I got to about 7 kyu, and then it suddenly hit me. Balance is key. Therefore
you should concentrate on those aspects of your life which have become more
urgent. I haven't played very much after that realization.

In my view, Go (or any other hobby, really) would stand in one corner of the
board. Your family, personal life, and work would be at the other three
corners. As the situation on the board evolves, you would choose your best
play. Focusing too much on any one area would leave you over-concentrated. It
would be too inefficient. You'd easily secure one corner but lose the other
three.

But then, if you spread yourself too thin all over the place, trying to please
everyone, including yourself, that would leave you with a vulnerable position
that could fall apart at any moment. That's clearly not good either.

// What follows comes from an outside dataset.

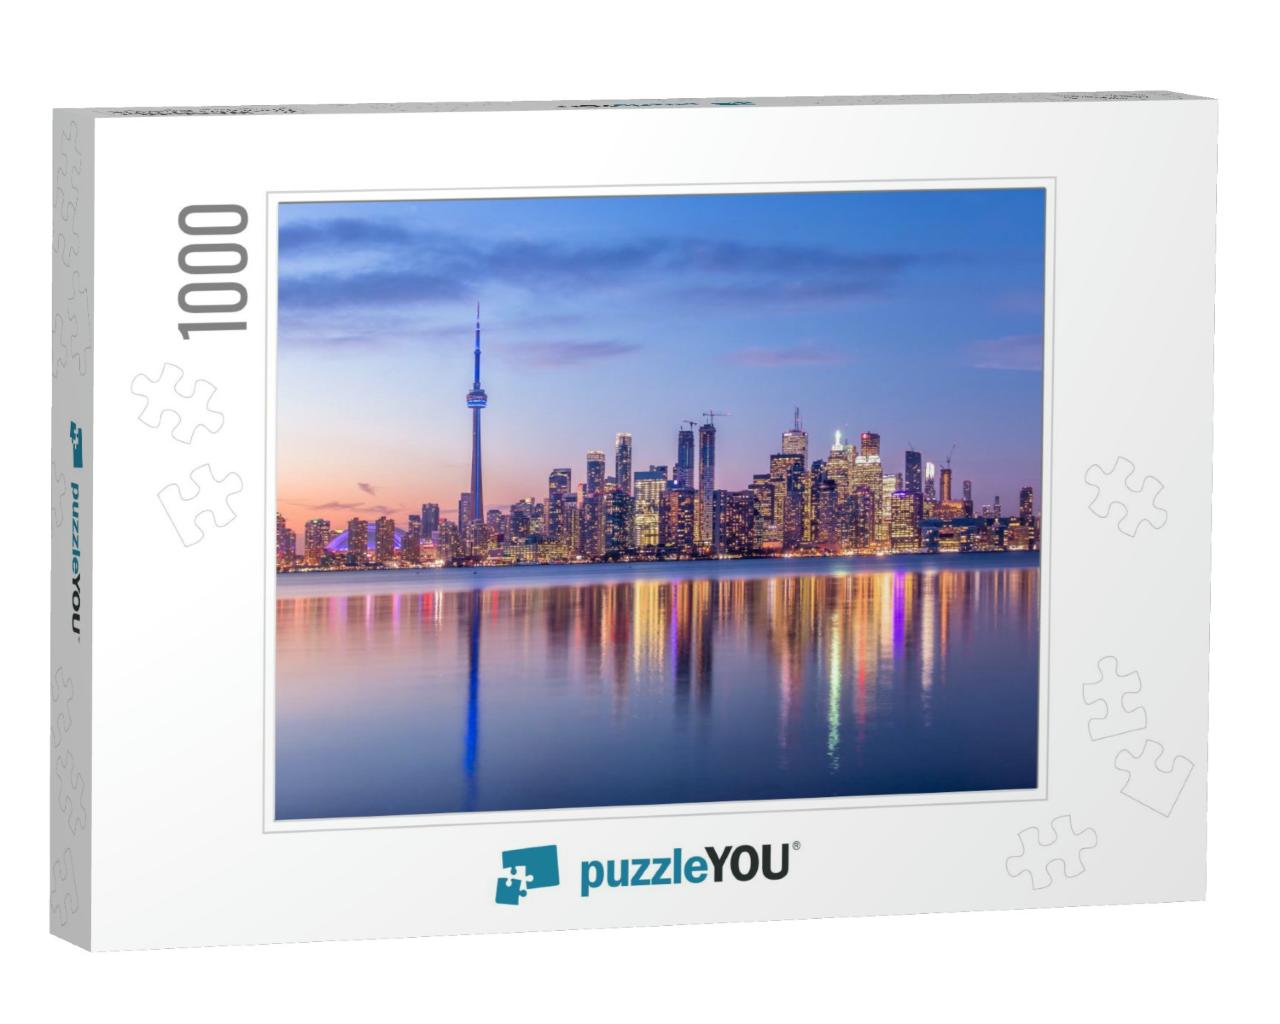 Toronto Skyline with Purple Light - Toronto, Ontario, Can... Jigsaw Puzzle with 1000 pieces

However, if you patiently settle your stone formations before moving on the
next area, if you gain strength in one corner/side before expanding towards
another, if you are fluid in your decision making process when choosing a
direction (life does throw you stumbling blocks doesn't it?), THEN you'd be a
wise man indeed :)

I do make it a point to participate in a local yearly tournament (five games
over two days) whether I feel ready or not. One day, though, I will come back
to Go in full-force.

I'm also ludwig on KGS, btw. If anyone fancies a game, you can always reach me
via twitter (@ludwig1024).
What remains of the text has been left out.